New online tool PropCast reveals if your London postcode is best for house buyers or sellers

Crossrail hotspot Abbey Wood in south-east London has been named the ‘hottest’ postcode in the capital for house sellers by a handy new online property tool.

Instead of focusing on wider areas like boroughs, counties and regions, PropCast pinpoints micro markets across England and Wales to give potential sellers a better sense of where they stand before they list their house.

Launched by professional property trader Gavin Brazg of home selling advice site The Advisory, the smart site instantly shows you whether your home is in a ‘hot’ sellers’ market or a ‘cold’ buyers’ market – all you have to do is type in your postcode.

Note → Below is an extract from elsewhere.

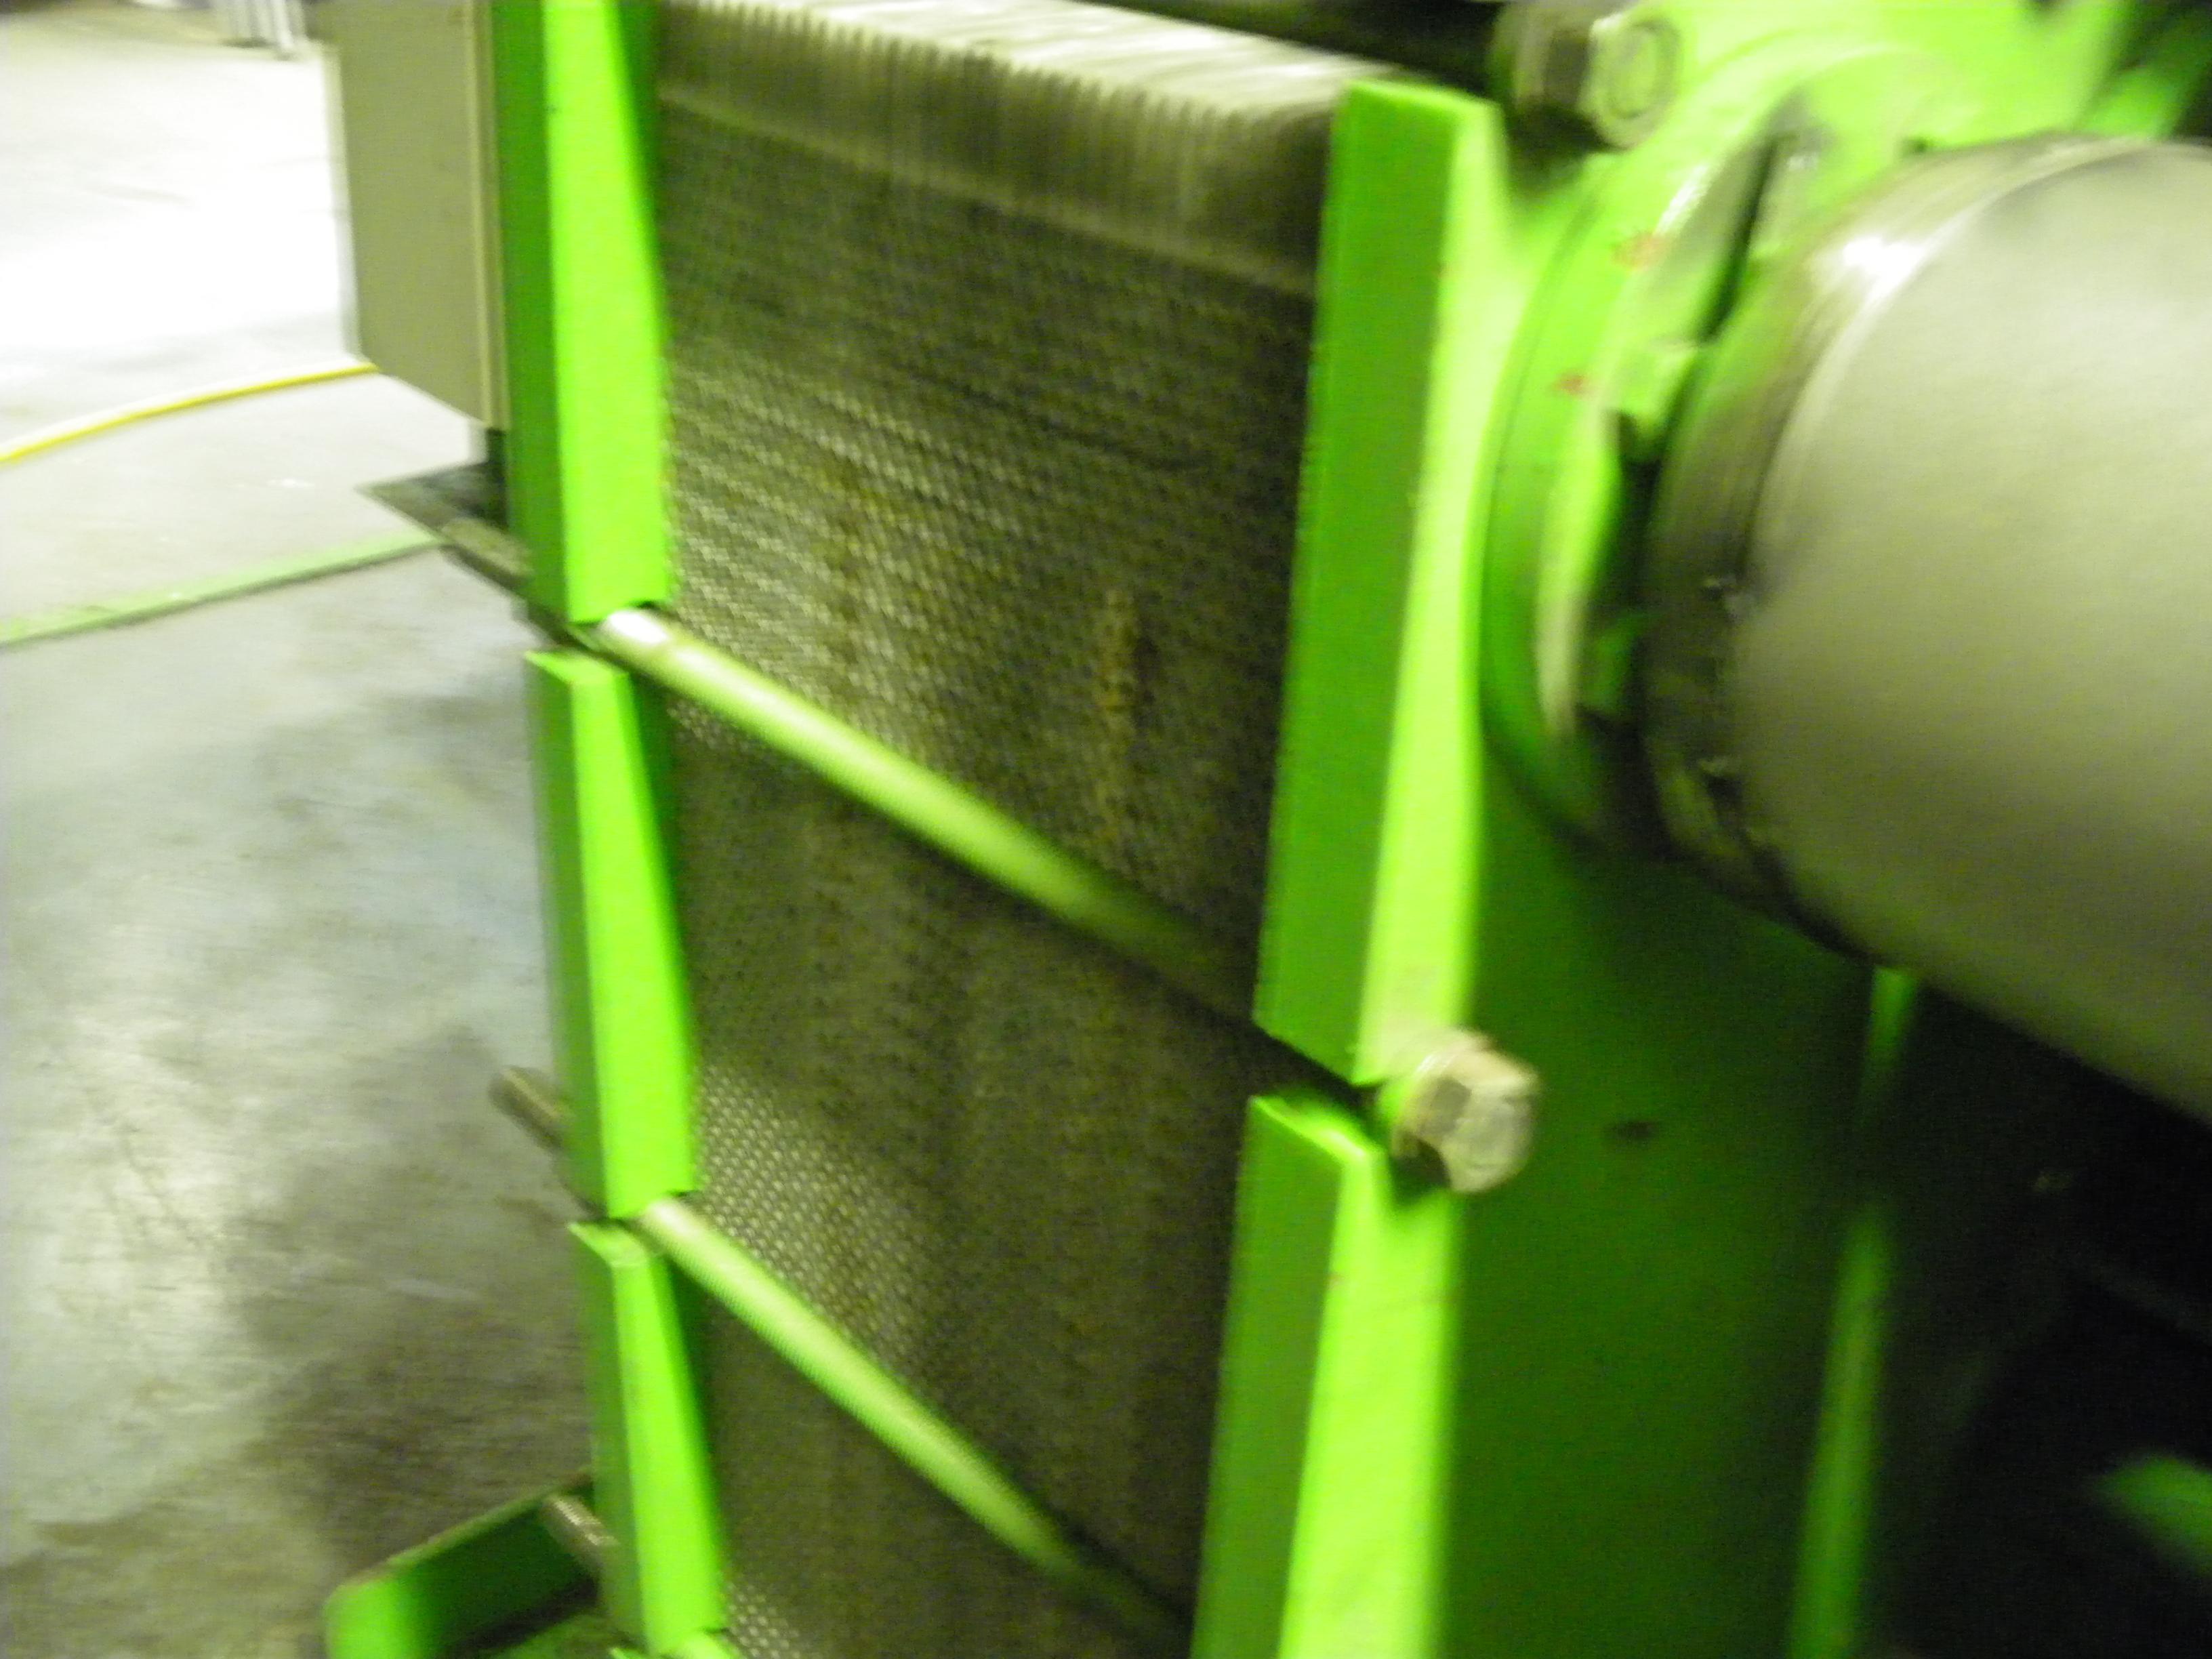 CHP heat exchanger

PropCast ‘takes the temperature’ of a district by totting up the number of homes currently on the market in that postcode and calculating what percentage are under offer or sold subject to contract.

It then uses artistic license to turn that percentage into a degree, e.g. 30 per cent is 30 degrees.

There are four brackets – very cold (under 25 degrees), cold (25 to 34 degrees), hot (35 to 49 degrees) and very hot (over 50 degrees).


In a cold market, there are more homes for buyers to choose from, giving them greater bargaining power.

Sellers must compete for their attention using price, presentation and promotion tactics so as not to risk underselling, failing to sell or taking a long time to sell.

In a hot market, sellers have the upper hand. There are more buyers than homes for sale, meaning it is the buyers that must compete.

This can lead to properties generating multiple competing offers, so long as a wise strategy is chosen and executed by the owner and their estate agent.

PropCast’s simple methodology is the same as that used by property professionals, but Brazg, who founded seller advice site The Advisory 13 years ago, believes the information should be easily accessible for everyone.

The tool does have its flaws, notably that results for postcodes with only a few homes for sale will be unreliable.

You can, however, make your forecast more accurate by requesting a free analysis of your local market, noting your property's type (flat, terrace, detached etc) and number of bedrooms.